Der Wind hat uns heute total im Stich gelassen. Geplant war, laut mehrerer Wind-Apps ab 1400 NW Bft 3-4 zu bekommen. Wir hatten uns auf eine rauschende Segelfahrt übers Watt eingestellt. De facto hatten wir aber den Wind ständig mit Bft 2-3 direkt von vorn, oder wie der Segler sagt, „auf den Kopp“. Ärgerlich, aber nicht zu ändern. Das Tief war einfach nicht so schnell wie berechnet weitergezogen. Mit diesem Tief ging’s einfach schief. Es wird also eine kurze Nacht in Großensiel, was kein Schade sein muss. Viel aufregender ist eine partielle Nachtfahrt in den anbrechenden Tag hinein. Spannend und schön zugleich, aber man muss voll bei der Sache sein, denn jedes zweite Tonnenpaar auf der Weser ist unbeleuchtet. Doch AIS reduziert den Stress! Man sieht sie kommen und aufkommen, die Dampfer. Jetzt soll es noch für eine halbe Stunde regnen, da hat die Wetter-App scheinbar Recht behalten.

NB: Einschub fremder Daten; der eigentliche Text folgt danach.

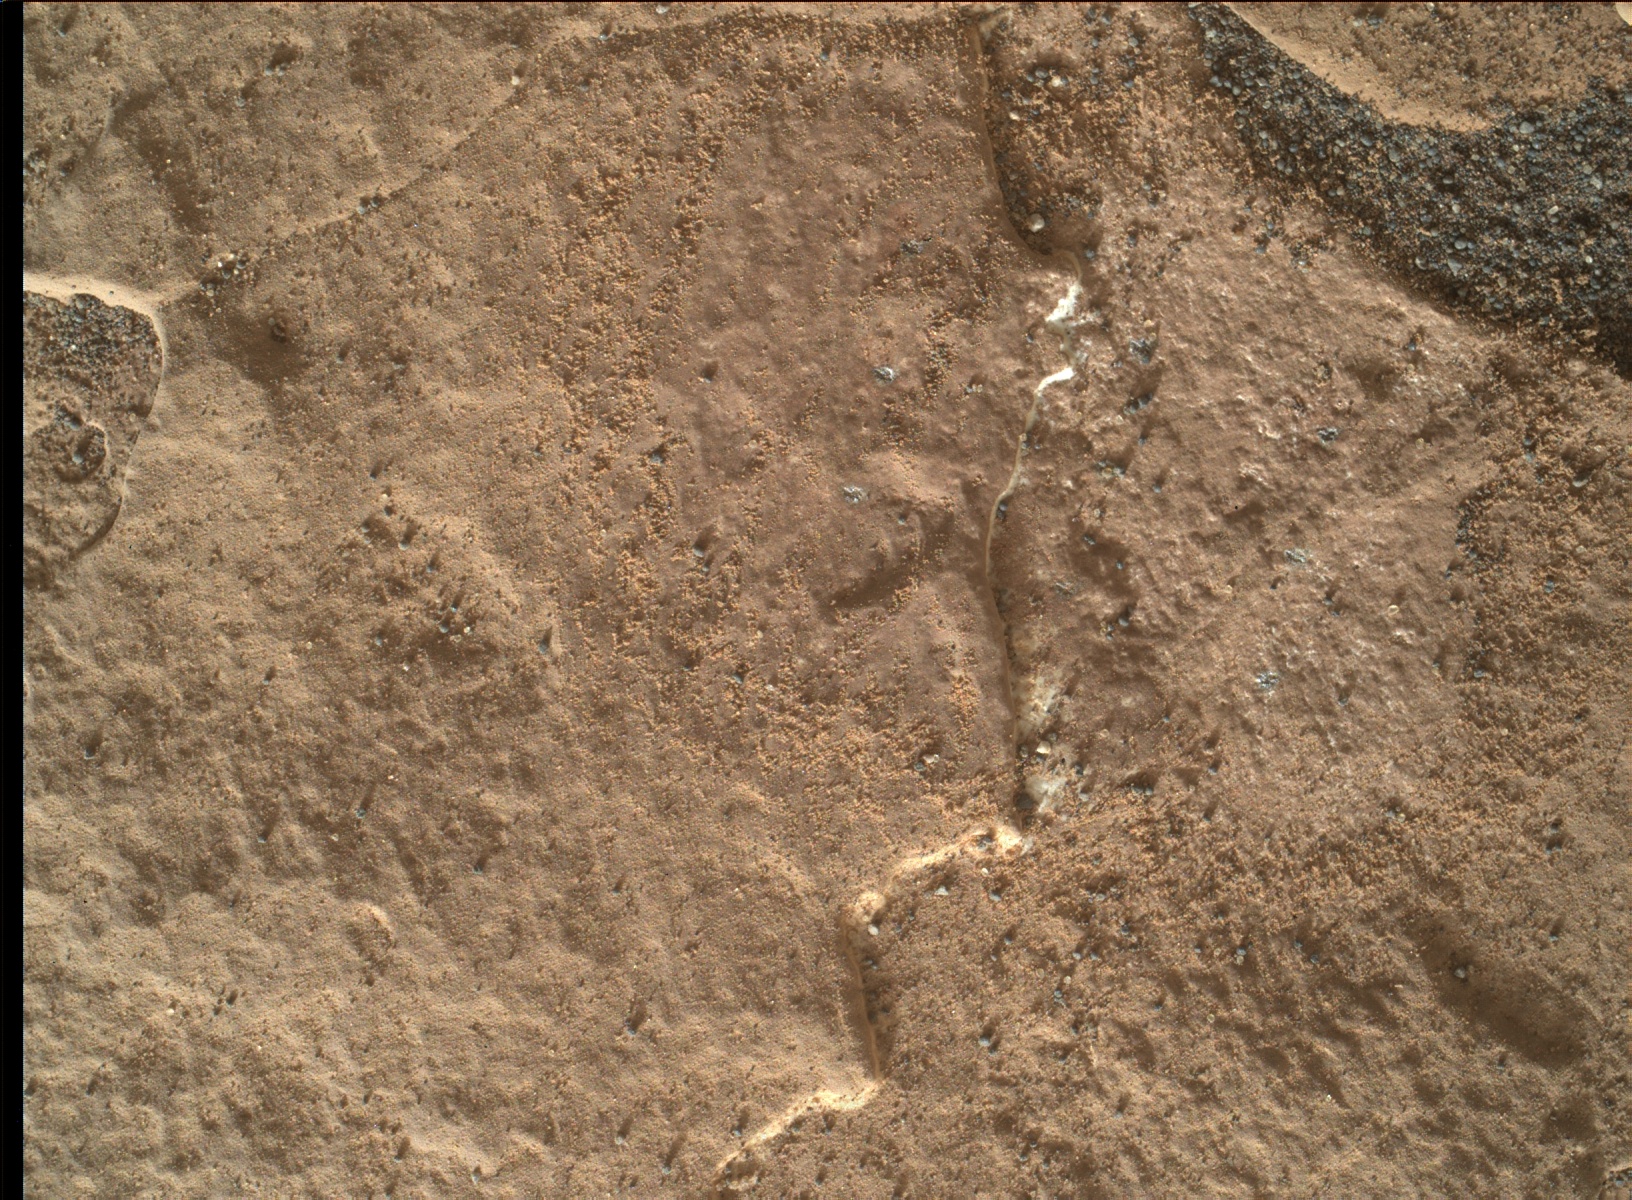 Nasa's Mars rover Curiosity acquired this image using its Mars Hand Lens Imager (MAHLI) on Sol 1797

Eben kommt auf Kanal 72 ein Funkruf der „Robbe“ rein. Ich unterbreche die Tipperei und melde mich. Sie haben auch bei Buhne 37 das Weserfahrwasser erreicht und donnern mit sechs kn plus Tide hinter uns her. Wir sehen sie und bald haben sie uns eingeholt. Schön. Dann können wir gemeinsam Großensiel erreichen…

Das war dann ein langer Törn: Von Dangast bis Großensiel. Einmal die Halbinsel Butjadingen umrundet. Ich habe die Meilen nicht addiert, aber es sind einige. Wir werden vermutlich gut schlafen…

MM= Morgen Mehr….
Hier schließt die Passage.